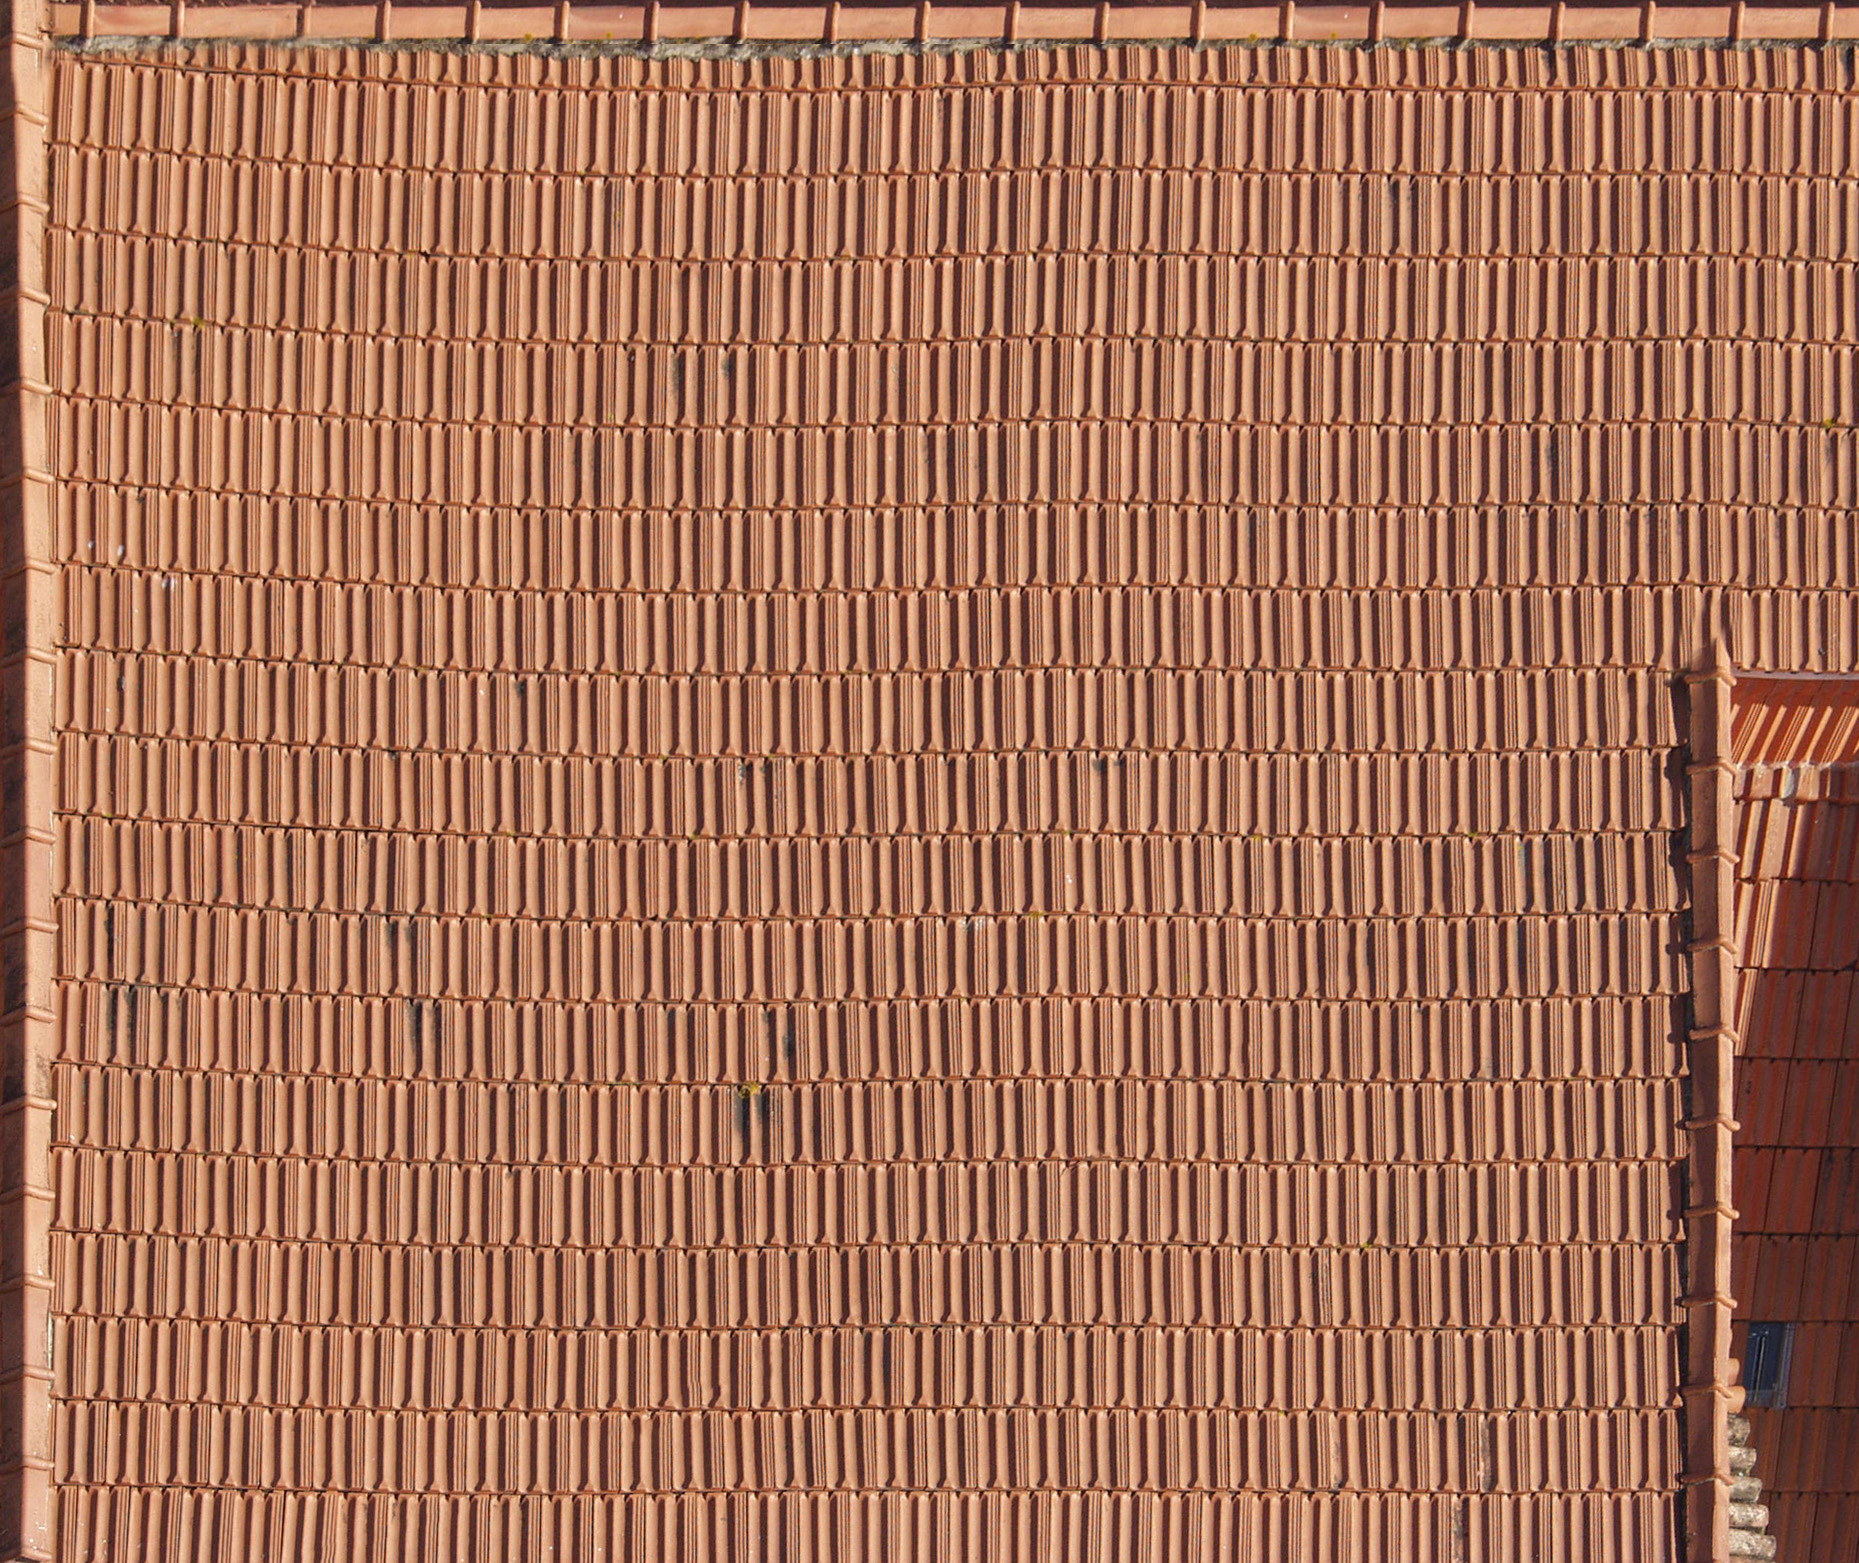 Roof tile texture image background
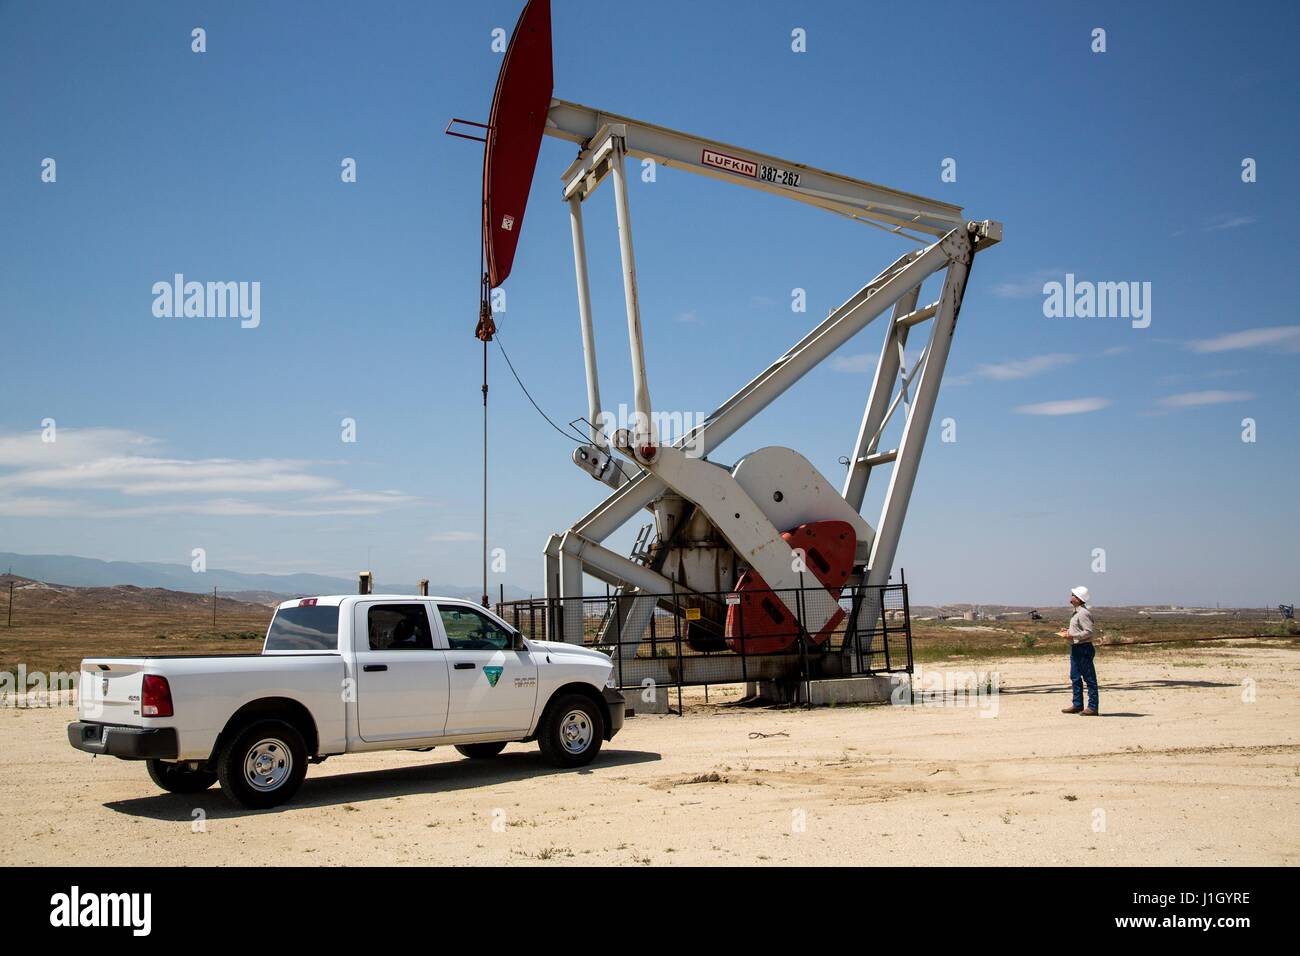 A federal Bureau of Land Management team inspects pump jacks in the Kern River Oil Field along the San Joaquin Valley April 11, 2017 in Bakersfield, California. The oil and gas wells that cover the area are on public land leased by the federal government to private industry. Stock Photo
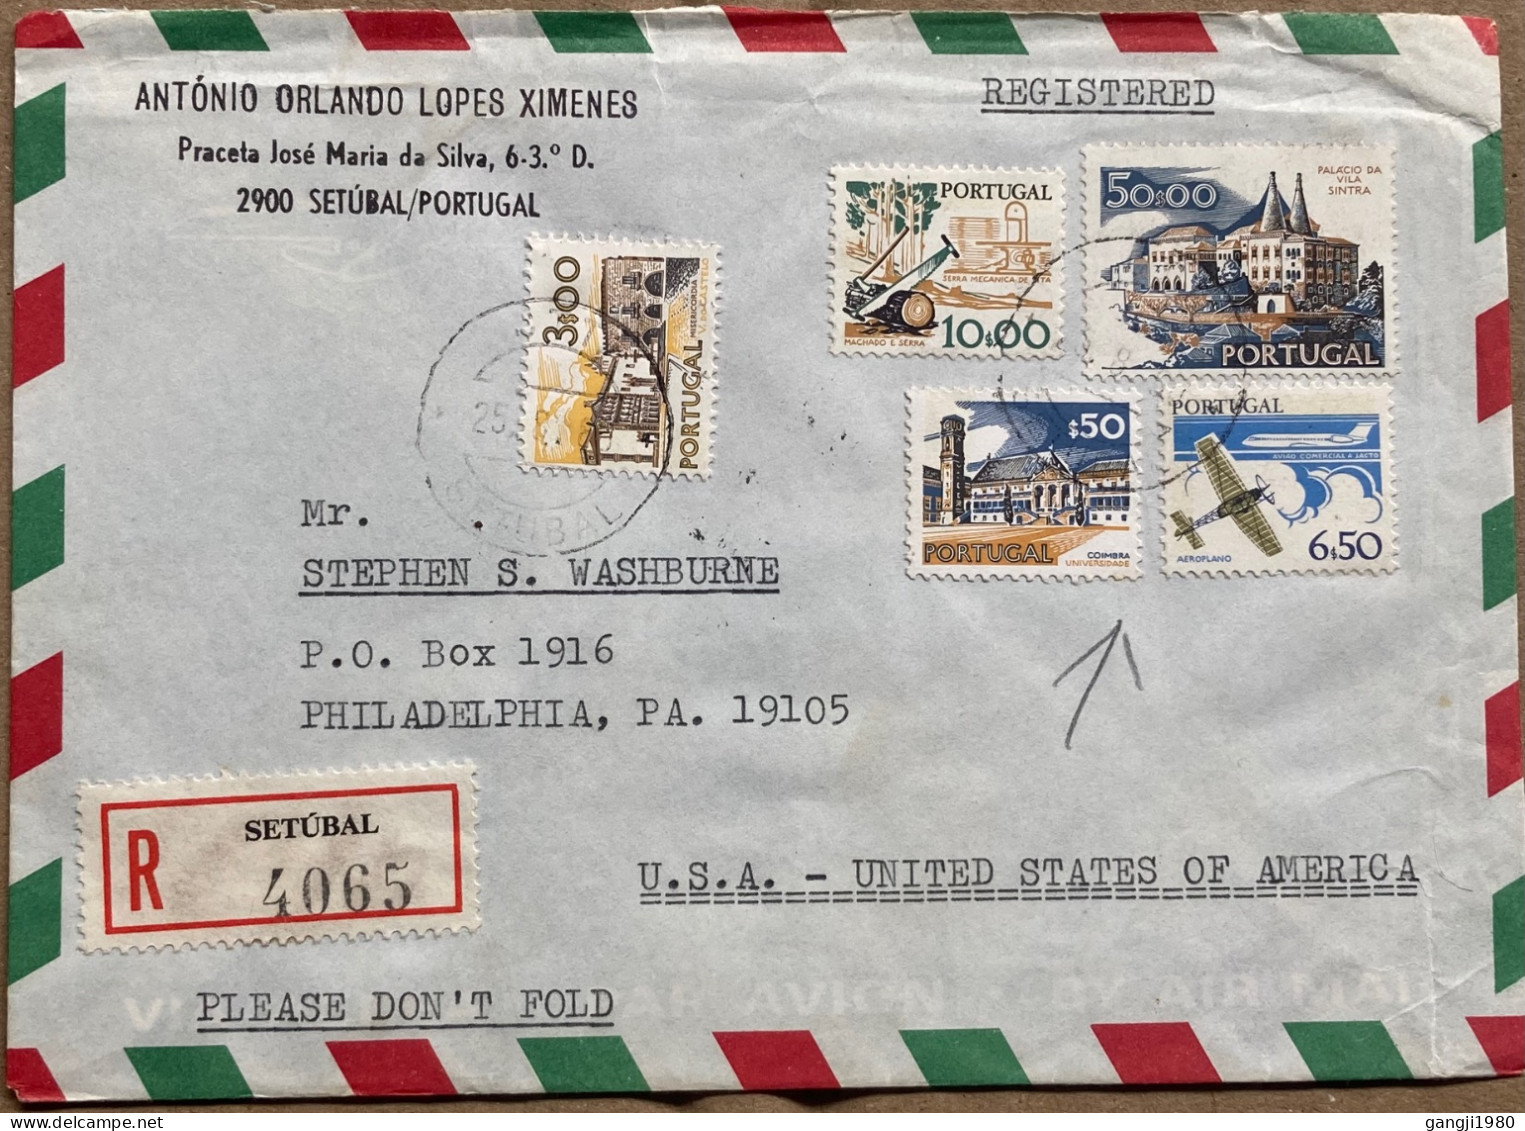 PORTUGAL 1980, REGISTER COVER, USED TO USA, SETUBAL CITY, 5 DIFF STAMP, SAN AXE, SINATRA VILLA BUILDING, HERITAGE, AEROP - Lettres & Documents
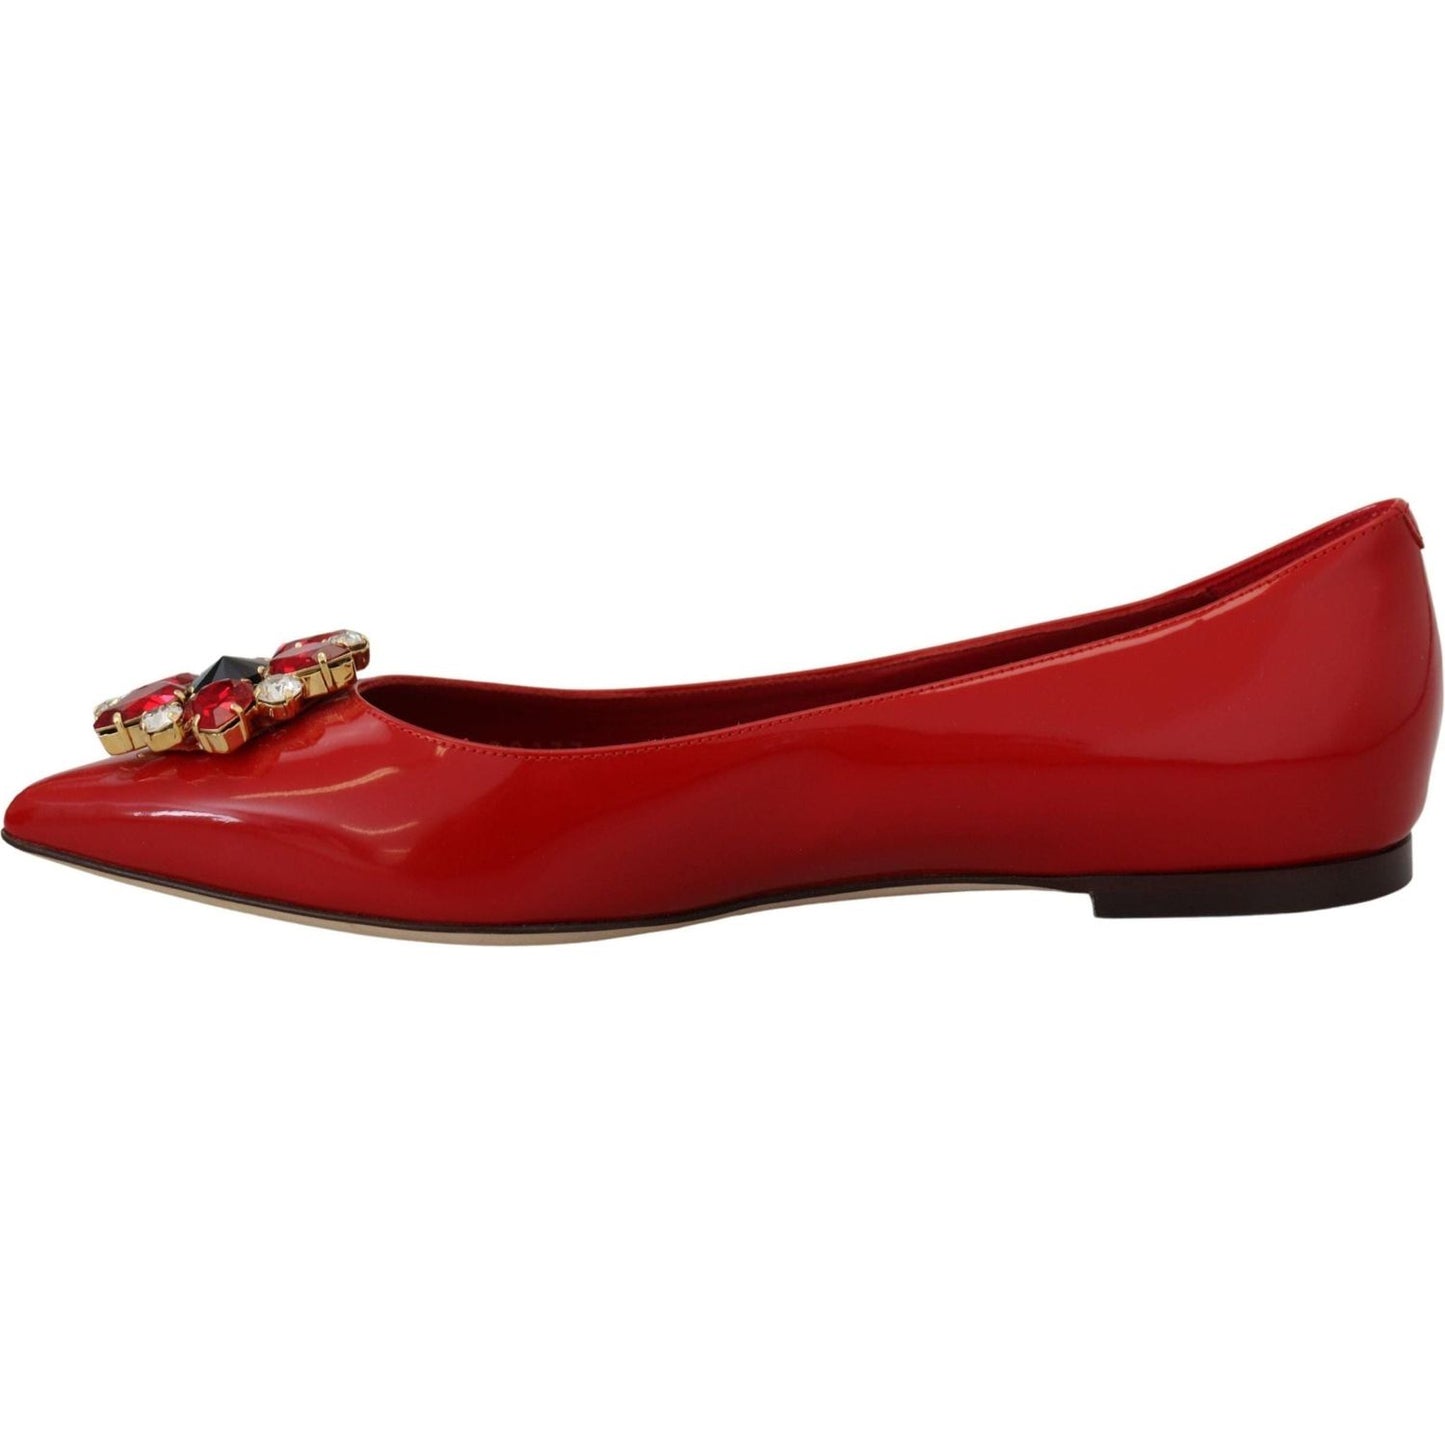 Dolce & Gabbana Red Suede Crystal Loafers - Exquisite Elegance red-leather-crystals-loafers-flats-shoes IMG_8711-scaled-69206a64-402.jpg

**Required action:**
Give back the material exactly as written, from its first line to the line that contains "A federal Bureau", and leave out the pictures.

**Answer below:**
 Roof tile texture image background
 A federal Bureau of Land Management team inspects pump jacks in the Kern River Oil Field along the San Joaquin Valley April 11, 2017 in Bakersfield, California. The oil and gas wells that cover the area are on public land leased by the federal government to private industry. Stock Photo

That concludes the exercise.